**Records provided**:
%%

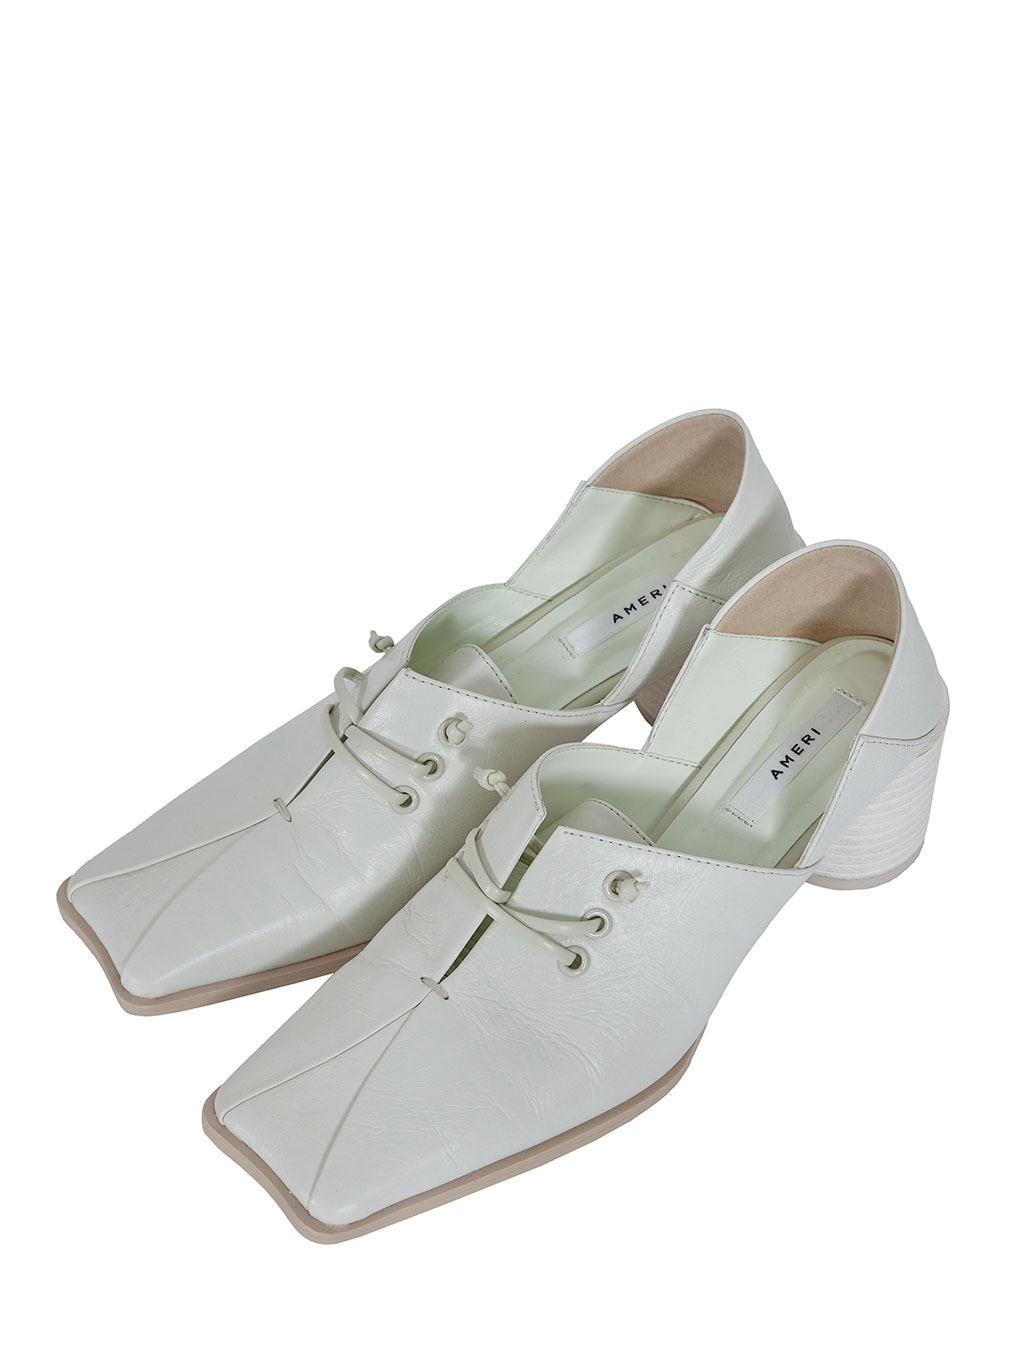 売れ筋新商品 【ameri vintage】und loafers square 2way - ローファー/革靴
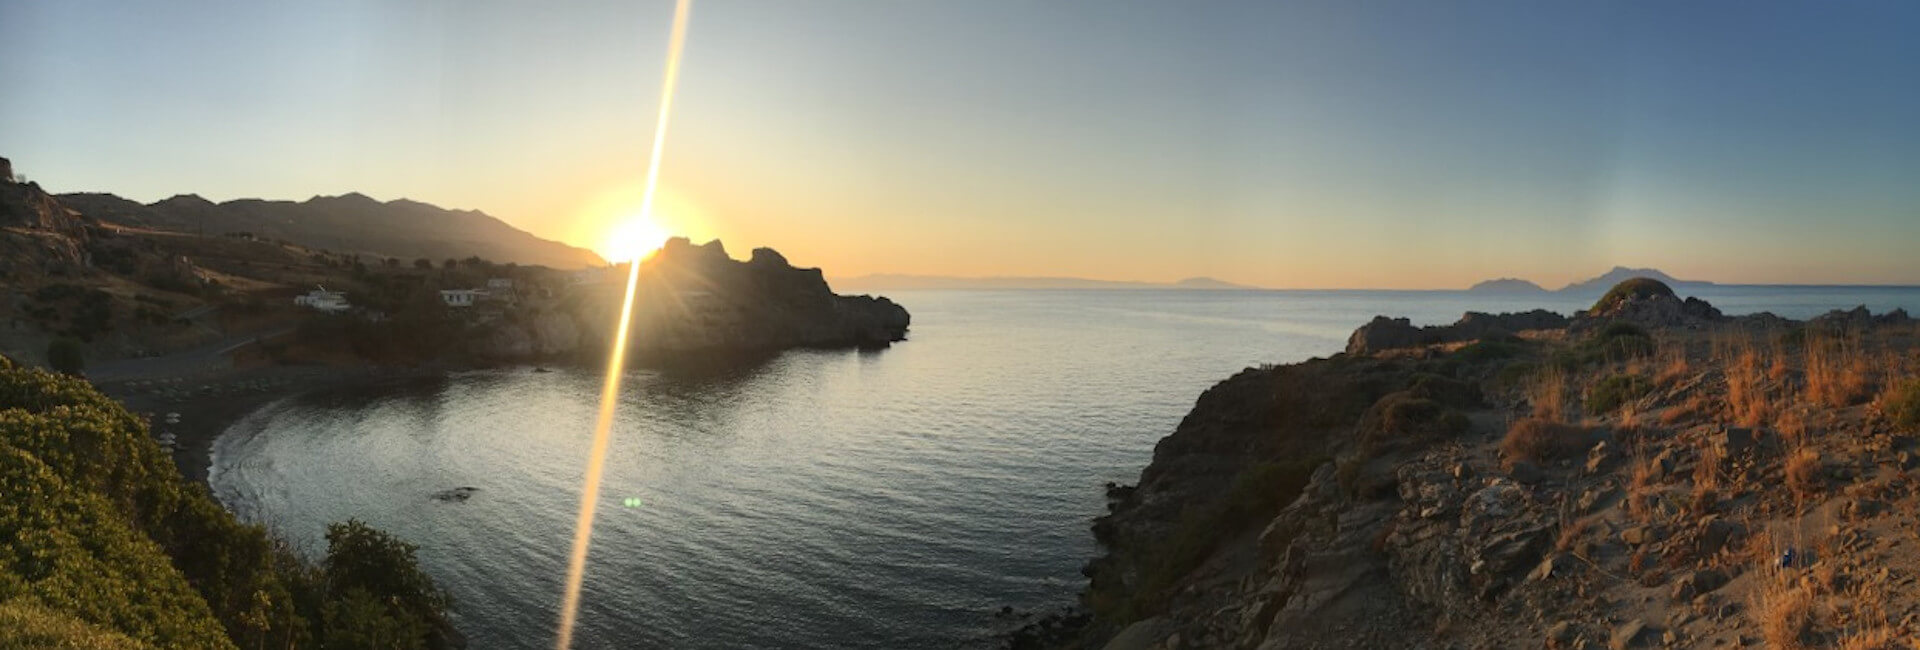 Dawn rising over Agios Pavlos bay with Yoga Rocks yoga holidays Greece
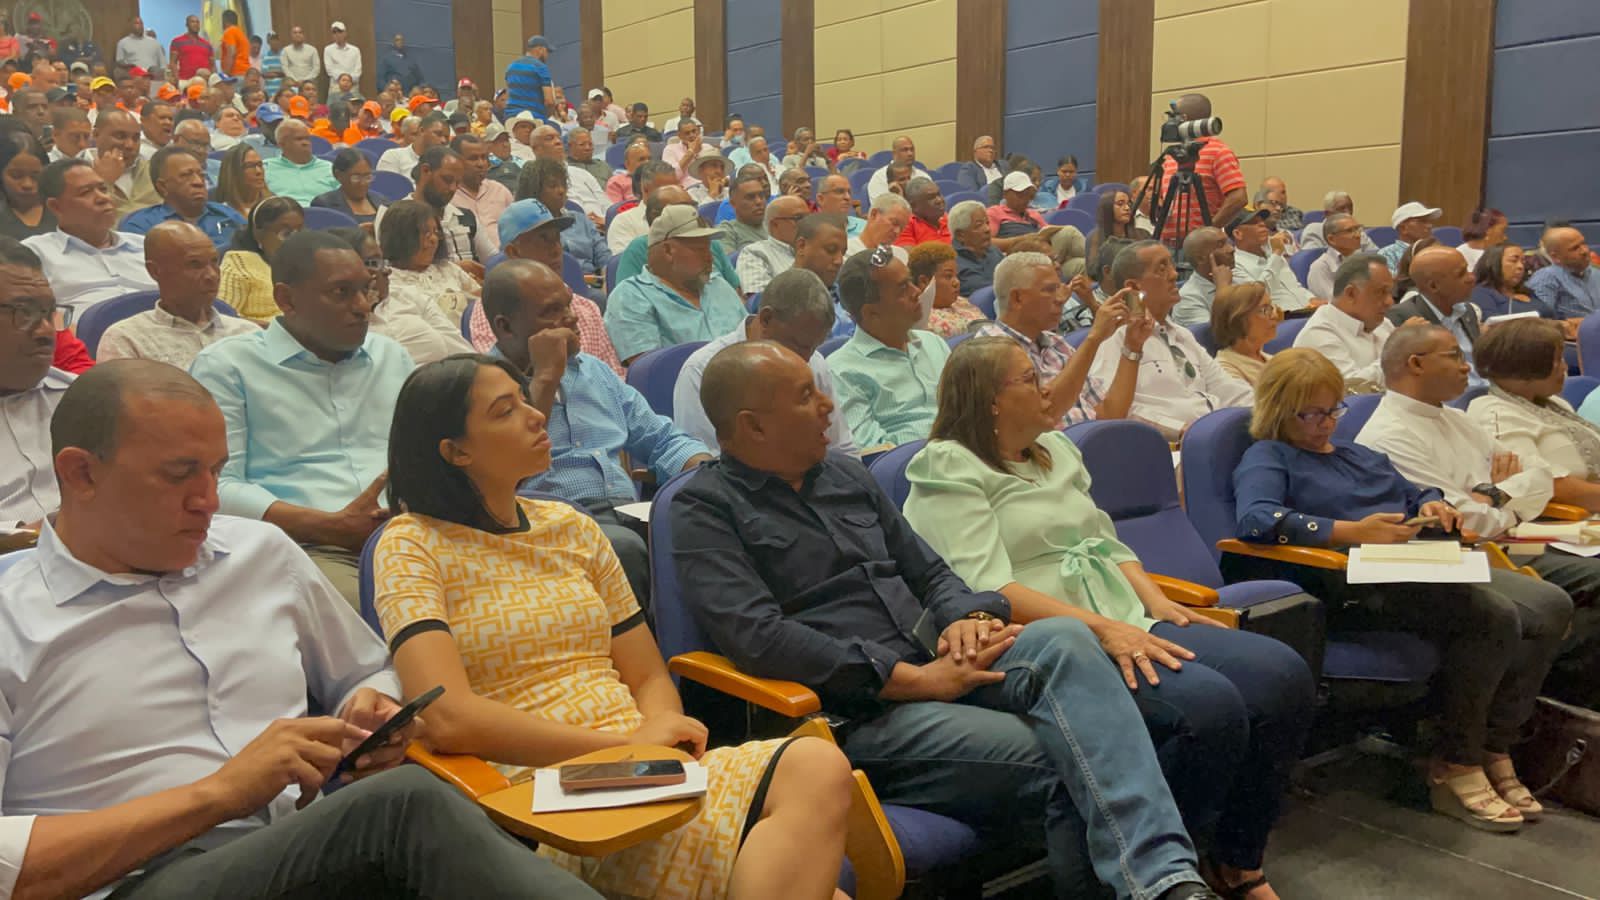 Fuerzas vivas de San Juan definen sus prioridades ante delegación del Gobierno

%%
%%

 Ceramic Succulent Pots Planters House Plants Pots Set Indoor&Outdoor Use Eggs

%%

Here the job is to copy the stretch of records from the line containing "売れ筋新商品 【ameri vintage】und" through the line containing "Fuerzas vivas de", word for word. Leave every picture out.

**Result of the exercise**:
 売れ筋新商品 【ameri vintage】und loafers square 2way - ローファー/革靴
 Dawn rising over Agios Pavlos bay with Yoga Rocks yoga holidays Greece
 Fuerzas vivas de San Juan definen sus prioridades ante delegación del Gobierno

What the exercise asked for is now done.